Seeking combinatorial or group theoretic proof for permutation identity
Permutations with odd cycles only and cycle count marked have the species
$$\mathfrak{P}(\mathcal{U}\mathfrak{C}_{=1}(\mathcal{Z}) + \mathcal{U}\mathfrak{C}_{=3}(\mathcal{Z}) + \mathcal{U}\mathfrak{C}_{=5}(\mathcal{Z}) + \mathcal{U}\mathfrak{C}_{=7}(\mathcal{Z}) + \cdots).$$
which yields the EGF
$$G(z,u) = \exp\left(uz+ u\frac{z^3}{3}+ u\frac{z^5}{5}+ u\frac{z^7}{7}+\cdots\right) \\ = \exp\left(u\sum_{k\ge 0}\frac{z^{2k+1}}{2k+1}\right) \\ = \exp\left(u\log\frac{1}{1-z} - u\sum_{k\ge 1} \frac{z^{2k}}{2k}\right) \\ = \exp\left(u\log\frac{1}{1-z} - u\frac{1}{2}\log\frac{1}{1-z^2}\right).$$
Now here we have $u=4$ so we continue with
$$\frac{1}{(1-z)^4} \exp\left(2\log(1-z^2)\right) = \frac{(1-z^2)^2}{(1-z)^4} = \frac{(1+z)^2}{(1-z)^2} \\ = (1+2z+z^2) \frac{1}{(1-z)^2}.$$
We get as our result the quantity
$$\frac{1}{4} n! [z^n] G(z, 4) = \frac{1}{4} n! \left({n+1\choose 1} + 2{n\choose 1} + {n-1\choose 1}\right) \\ = \frac{1}{4} n! (n+1+2n+n-1) = n! \times n.$$
I am going to introduce a fancy structure, that is a coloured permutation.
A coloured permutation $\sigma$ is a permutation acting on $\{1,2,\ldots,n\}$, with the property that every element has an odd order.
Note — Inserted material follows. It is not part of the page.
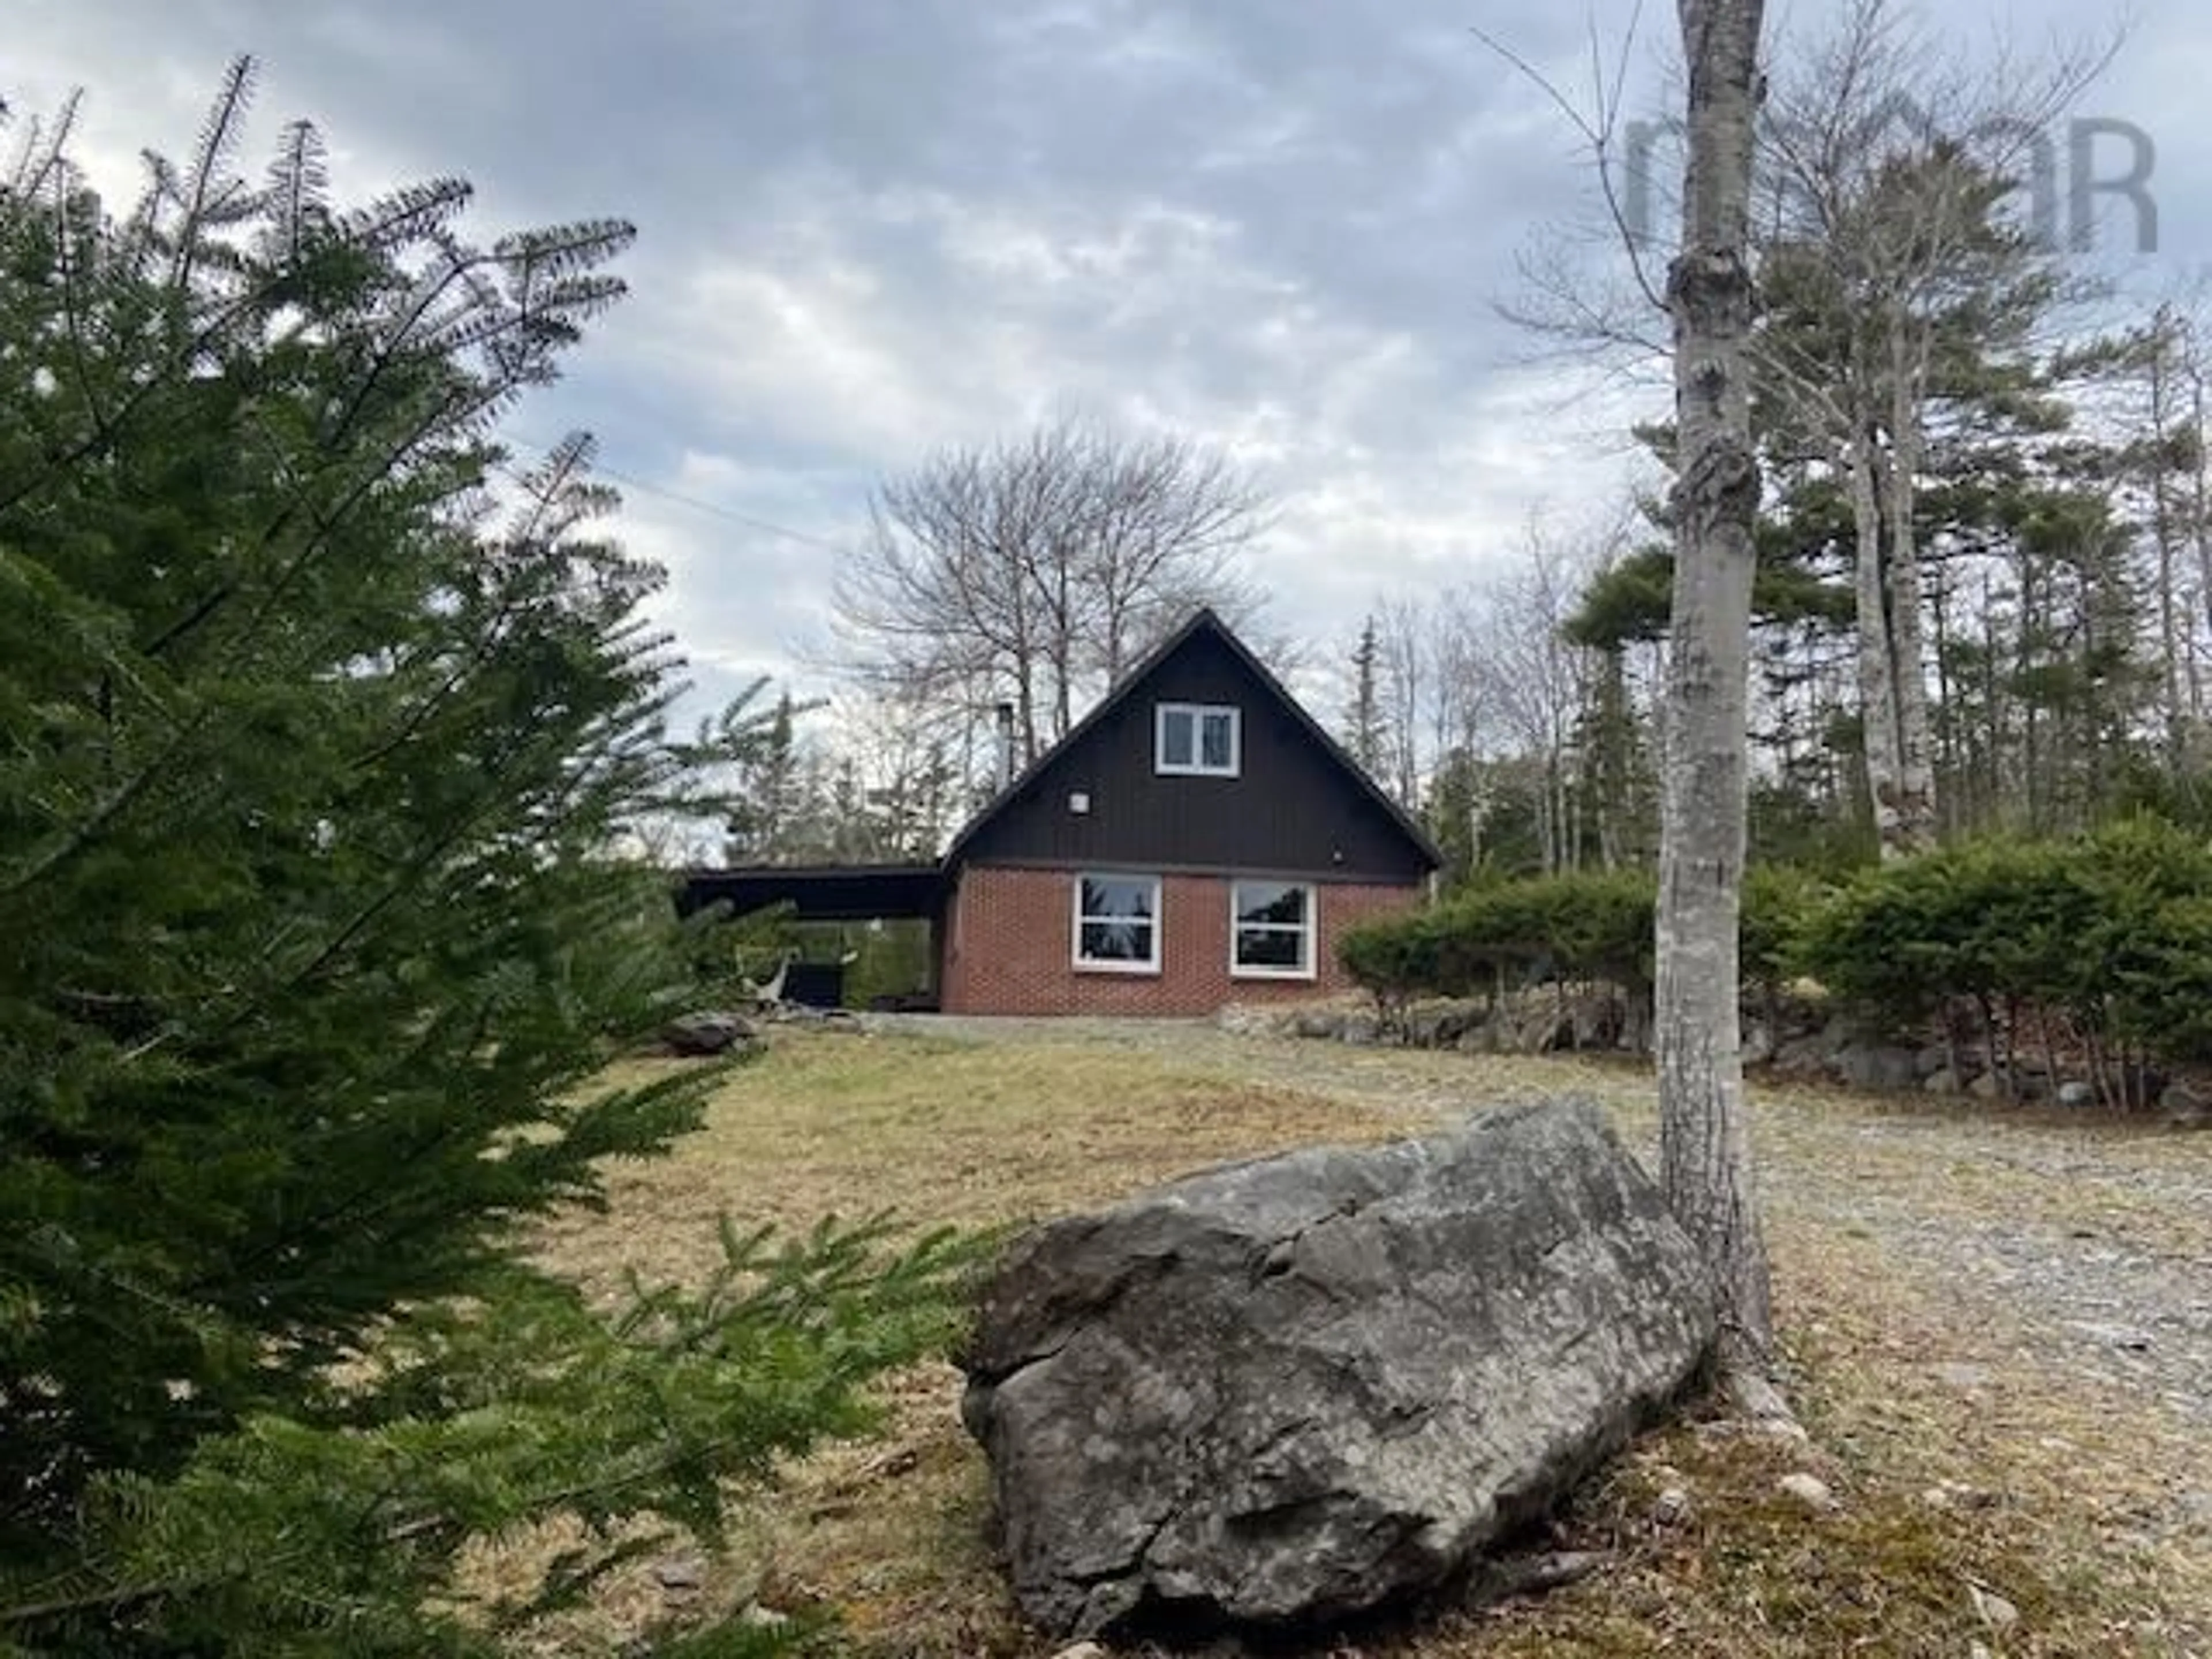 Cottage for 645 East Sable Rd, East Sable River Nova Scotia B0T 1V0

Moreover, the elements of $\{1,\ldots,n\}$ are coloured with some colour from $\{\text{cyan},\text{magenta},\text{yellow},\text{black}\}$ and the permutation is colour-preserving, i.e. the colour of $\sigma(a)$ is the same as the colour of $a$. We want to count the number of coloured permutations, given by: $$ L_n=\!\!\!\!\sum_{\substack{n_1,\ldots,n_k \text{ odd}\\ n_1+\ldots n_k=n}}\!\!\! 4^k\cdot s_{n_1,\ldots,n_k}.$$
Preliminary lemma: the number of permutations of $\{1,\ldots,k\}$ such that every element has an odd order is given by: $$ C_k = k!\cdot [x^k]\frac{1}{1-x}\cdot\exp\left(-\frac{x^2}{2}-\frac{x^4}{4}-\ldots\right)= k!\cdot [x^k]\sqrt{\frac{1+x}{1-x}}. $$
Consequence: the number of coloured permutations is given by $$ \sum_{c+m+y+k=n}\binom{n}{c}\binom{n-c}{m}\binom{n-c-m}{y} C_c C_m C_y C_k = n!\cdot [x^n]\left(\frac{1+x}{1-x}\right)^2=4n\cdot n!.$$
Done. Double counting wins again.
Another chance would be given by showing that $L_{n+1}-L_n = (n+1)!-n!$ by some recursive argument. However, I was not able to find it.